═══ DATA RECORDS
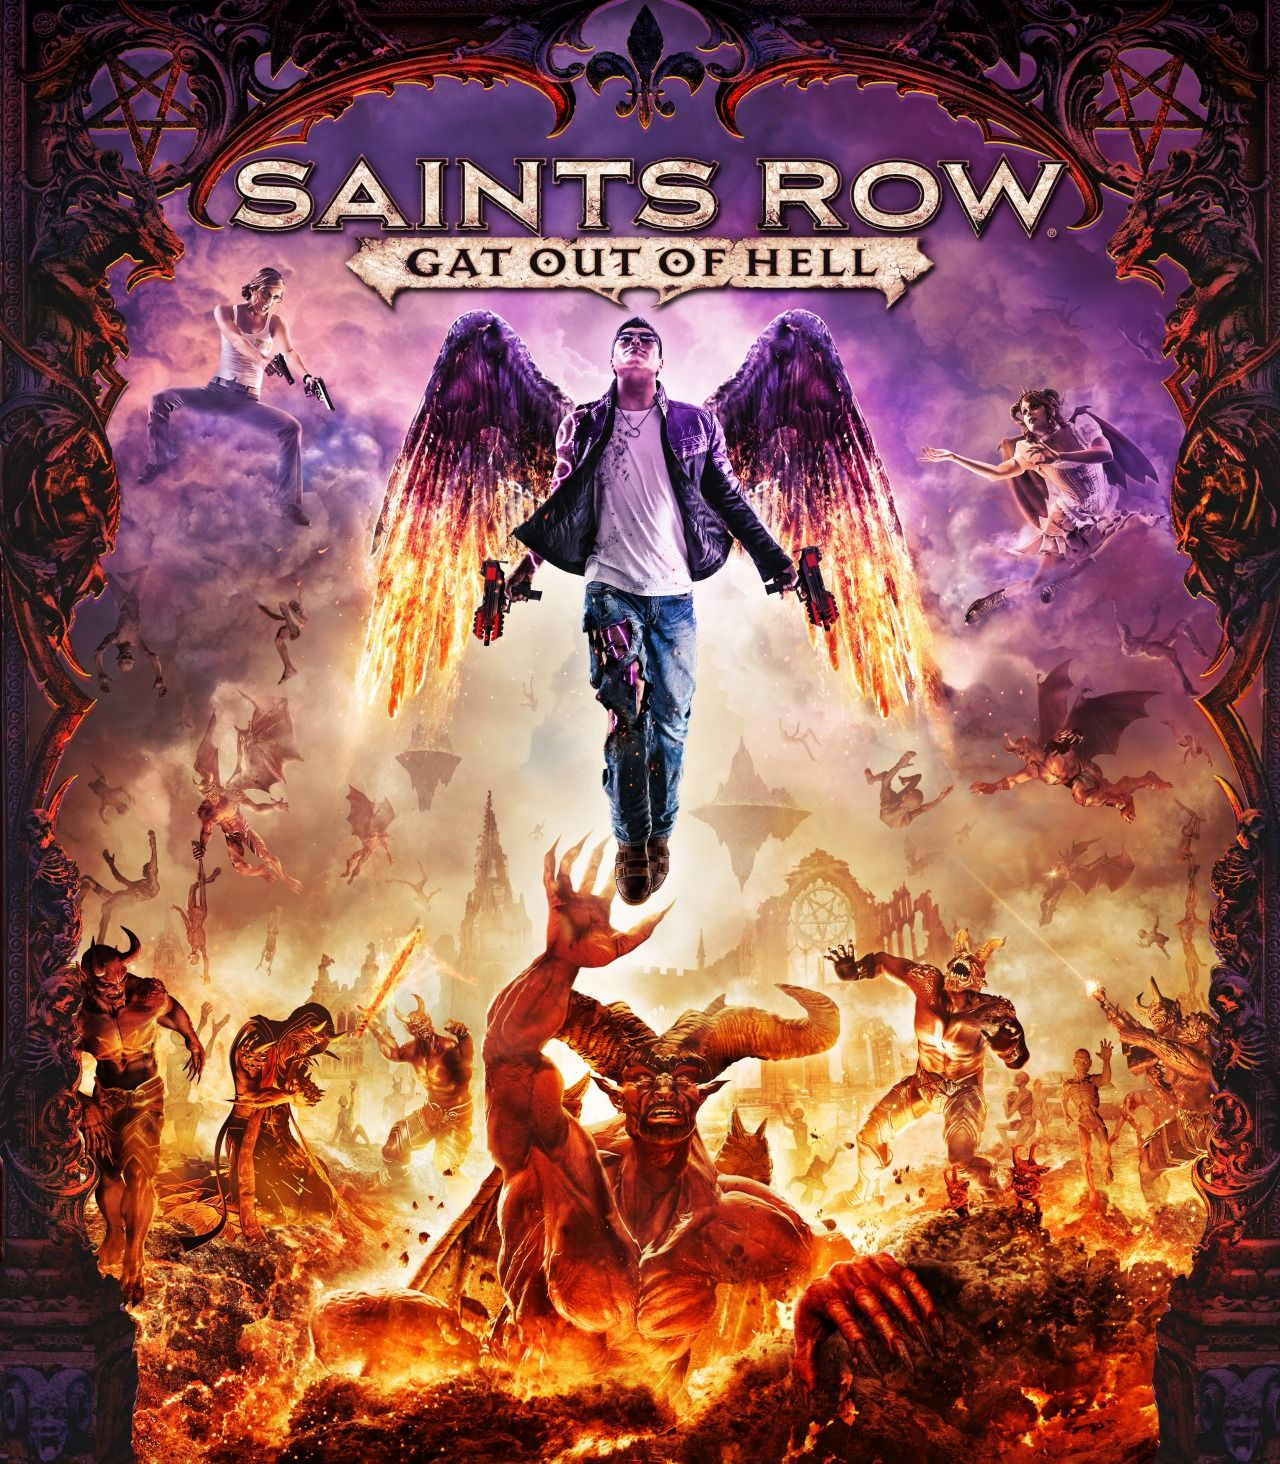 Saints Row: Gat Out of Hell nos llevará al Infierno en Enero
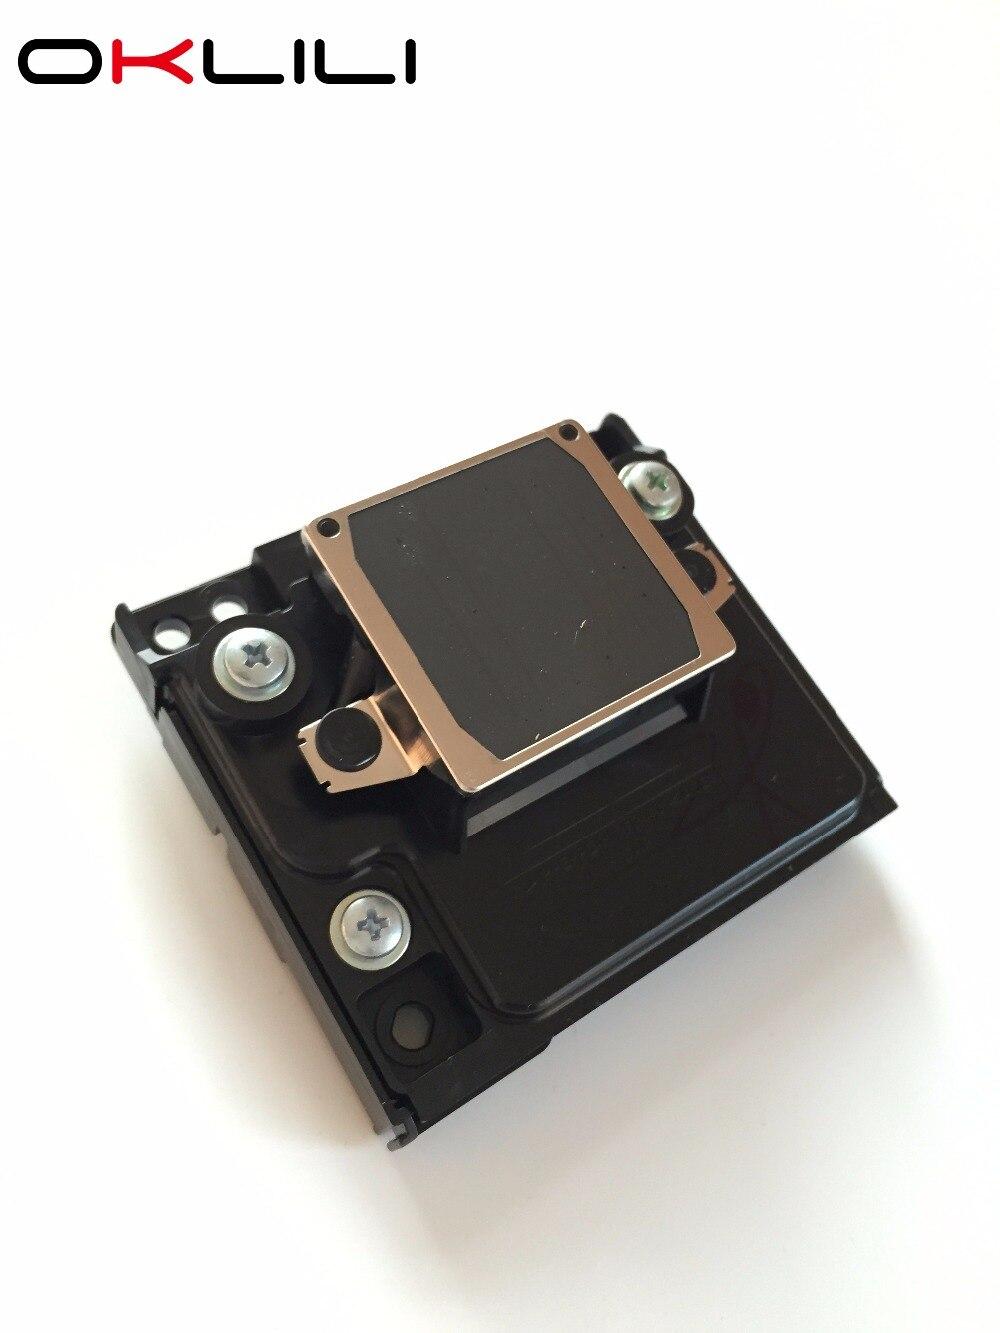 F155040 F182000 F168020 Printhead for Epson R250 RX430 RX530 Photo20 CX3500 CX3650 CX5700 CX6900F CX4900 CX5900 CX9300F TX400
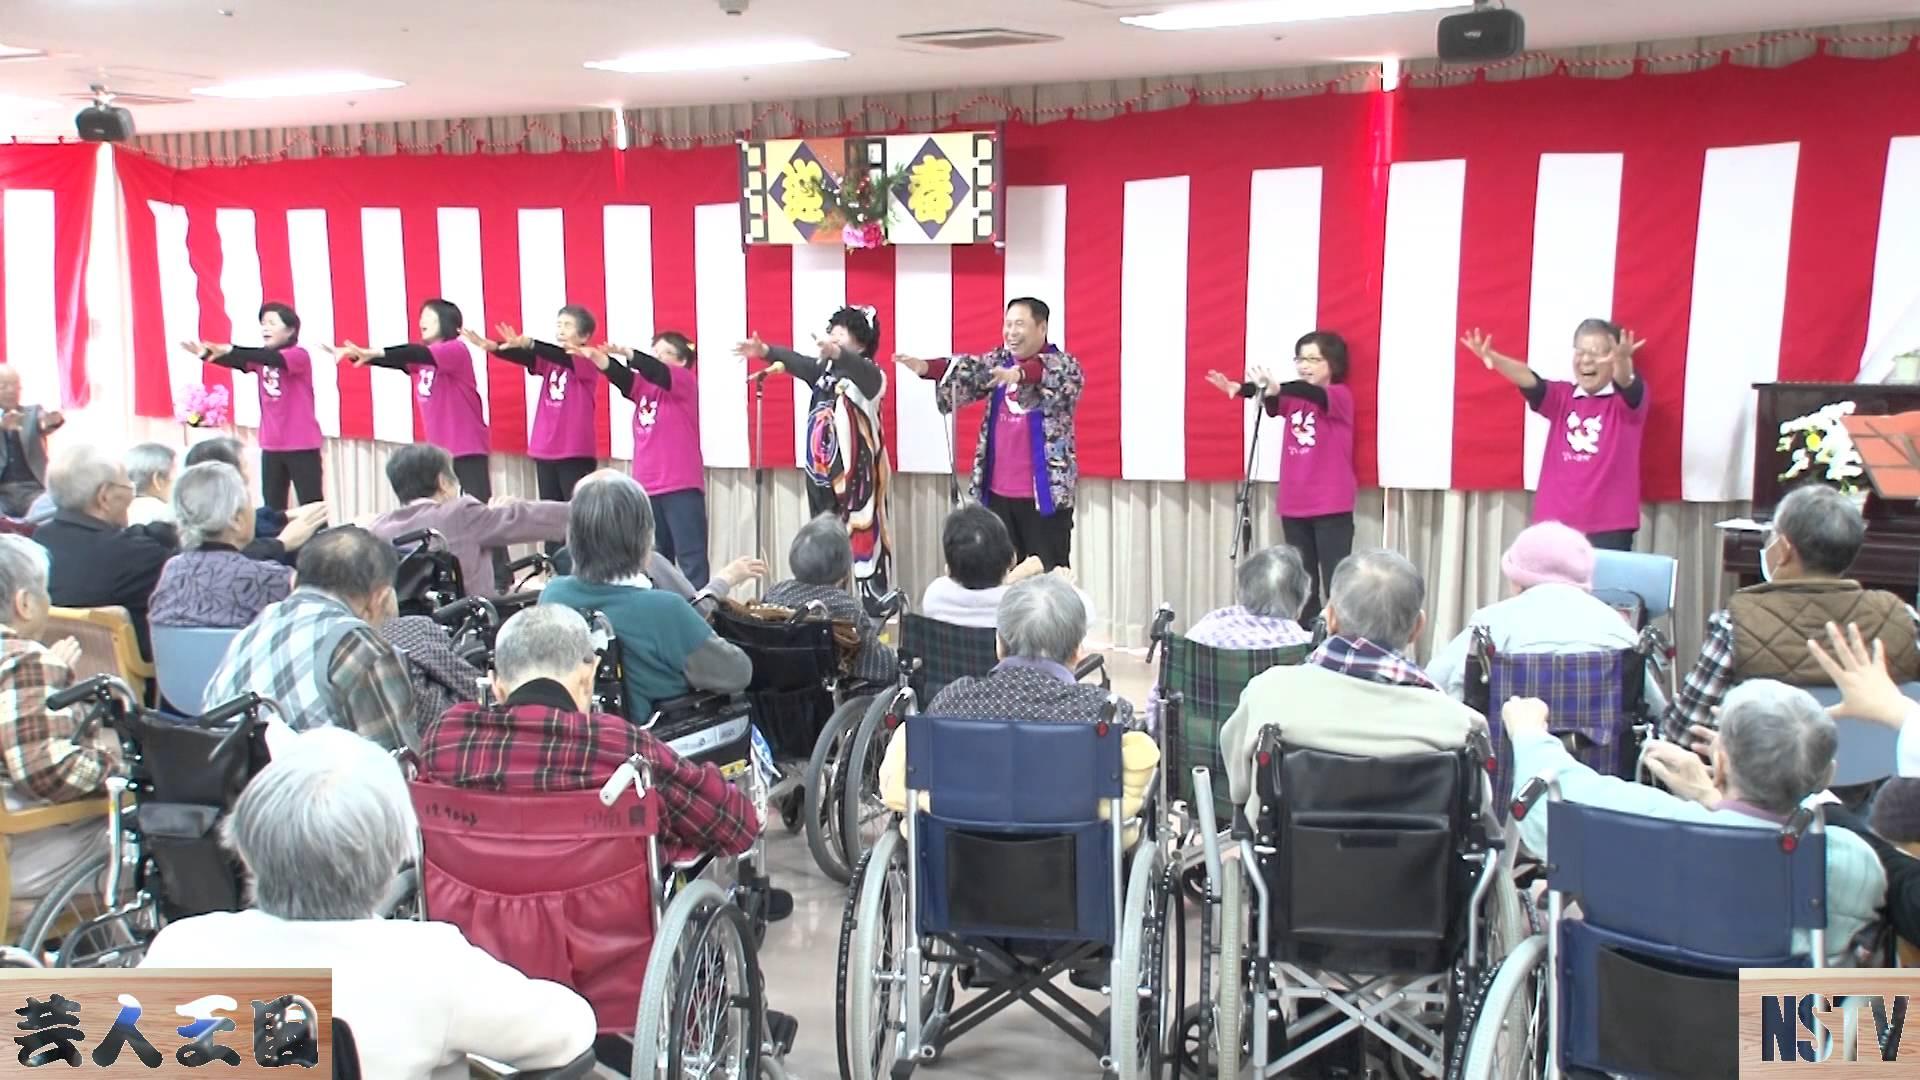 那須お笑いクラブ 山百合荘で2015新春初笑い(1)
══════
═══ DATA RECORDS
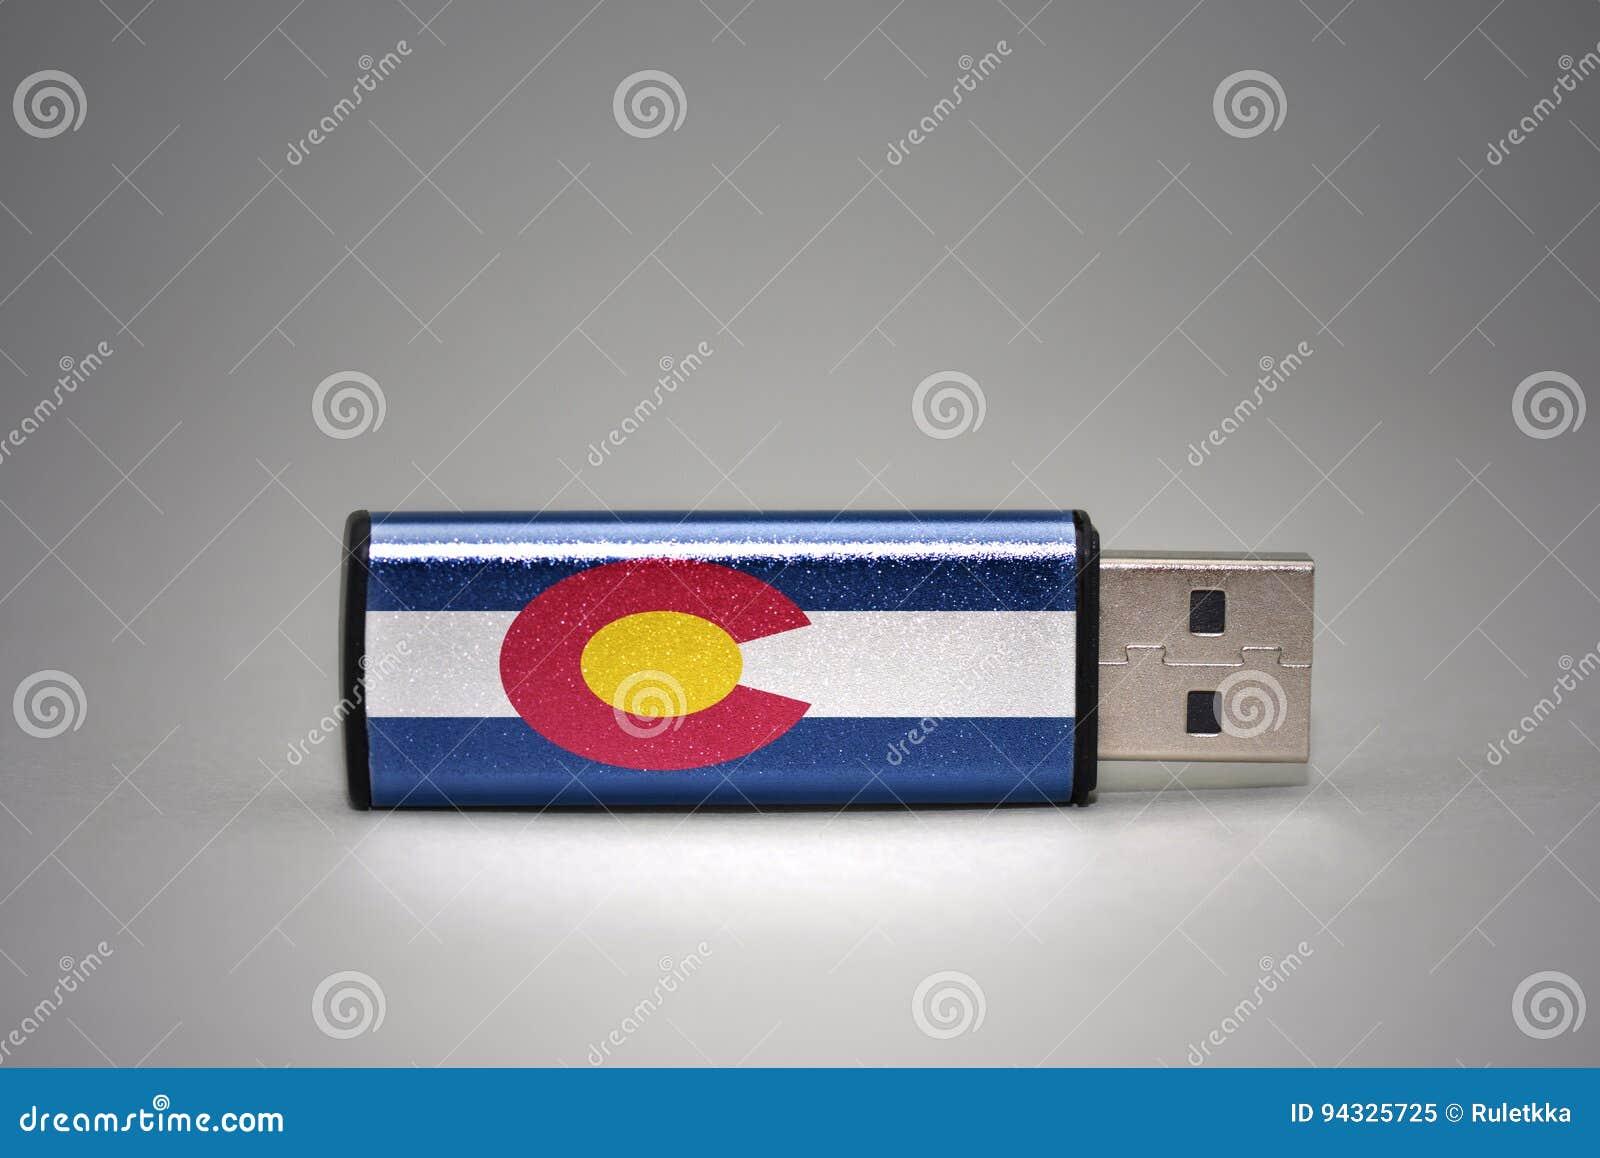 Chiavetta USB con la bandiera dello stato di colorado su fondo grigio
══════
Both boundary lines included, write out word for word only the lines above from the one containing "Saints Row: Gat" to the one containing "那須お笑いクラブ 山百合荘で2015新春初笑い(1)", leaving out any pictures.

• [YOUR SOLUTION]
 Saints Row: Gat Out of Hell nos llevará al Infierno en Enero
 F155040 F182000 F168020 Printhead for Epson R250 RX430 RX530 Photo20 CX3500 CX3650 CX5700 CX6900F CX4900 CX5900 CX9300F TX400
 那須お笑いクラブ 山百合荘で2015新春初笑い(1)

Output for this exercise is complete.